Ansh Tandon

Personal information
- Born: 8 November 2001 (age 24) New Delhi, India
- Batting: Left-handed
- Bowling: Right-arm fast-medium
- Role: Bowler

International information
- National side: United Arab Emirates;
- Only ODI (cap 101): 5 April 2023 v Jersey
- T20I debut (cap 52): 25 February 2020 v Saudi Arabia
- Last T20I: 20 August 2023 v New Zealand
- Source: ESPNcricinfo, 5 April 2023

= Ansh Tandon =

Emirati cricketer (born 2001)

Ansh Tandon (born 8 November 2001) is an Indian-born cricketer who plays for the United Arab Emirates national cricket team. In February 2020, he was named in the UAE's Twenty20 International (T20I) squad for the 2020 ACC Western Region T20 qualifier tournament. He made his T20I debut against Saudi Arabia, on 25 February 2020. Prior to his T20I debut, he was named in the United Arab Emirates squad for the 2020 Under-19 Cricket World Cup, and was named as one of the team's key players.

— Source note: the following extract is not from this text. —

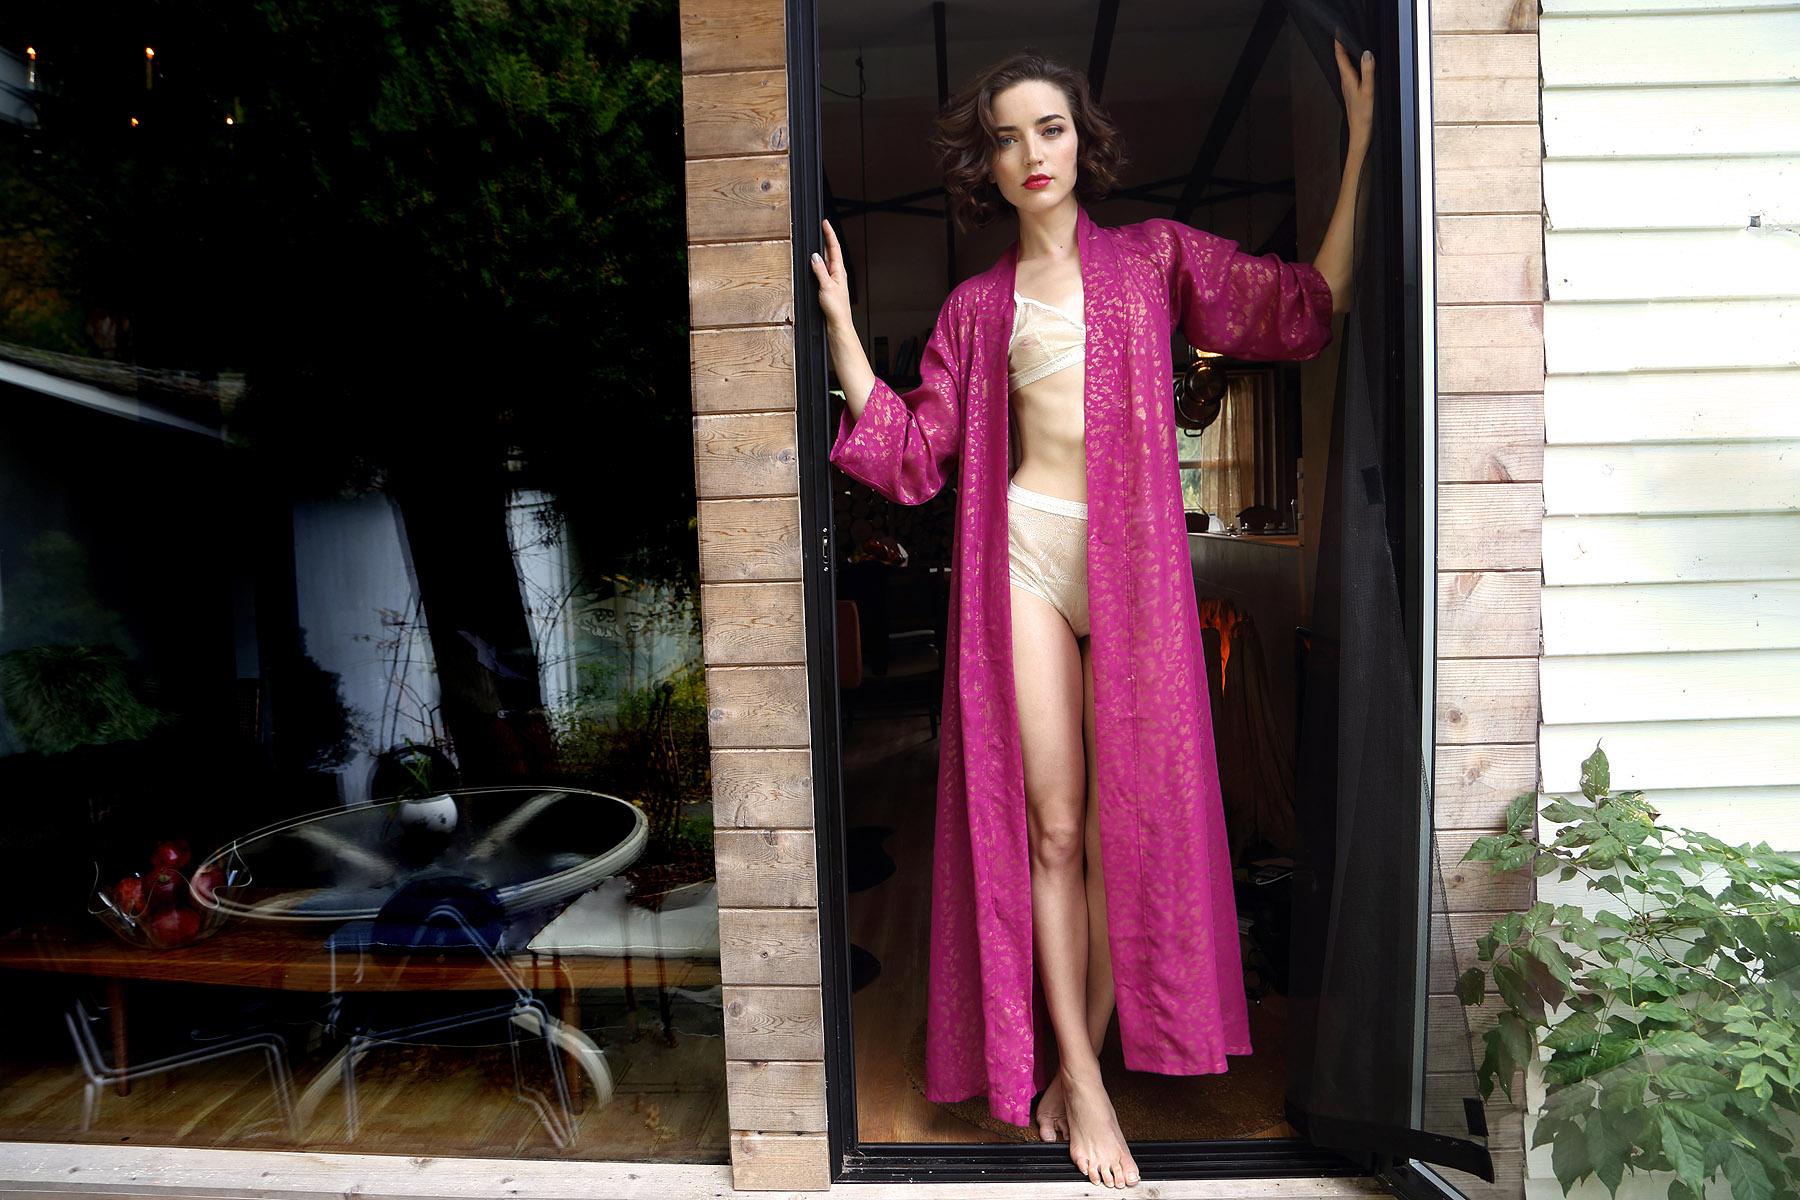 holiday-14-bts-lingerie-lookbook-raspberry-pink-gold-robe-porch-2.jpg

In January 2021, he was due to be selected in the UAE's squad to play against Ireland. However, before the start of the tour he tested positive for COVID-19, and was ruled out of the series. In March 2021, he was called up by the Punjab Kings to train with the team ahead of the 2021 Indian Premier League.

In March 2023, he was named in the UAE's squad for the 2023 Cricket World Cup Qualifier Play-off. He made his One Day International (ODI) debut on 5 April 2023, against Jersey.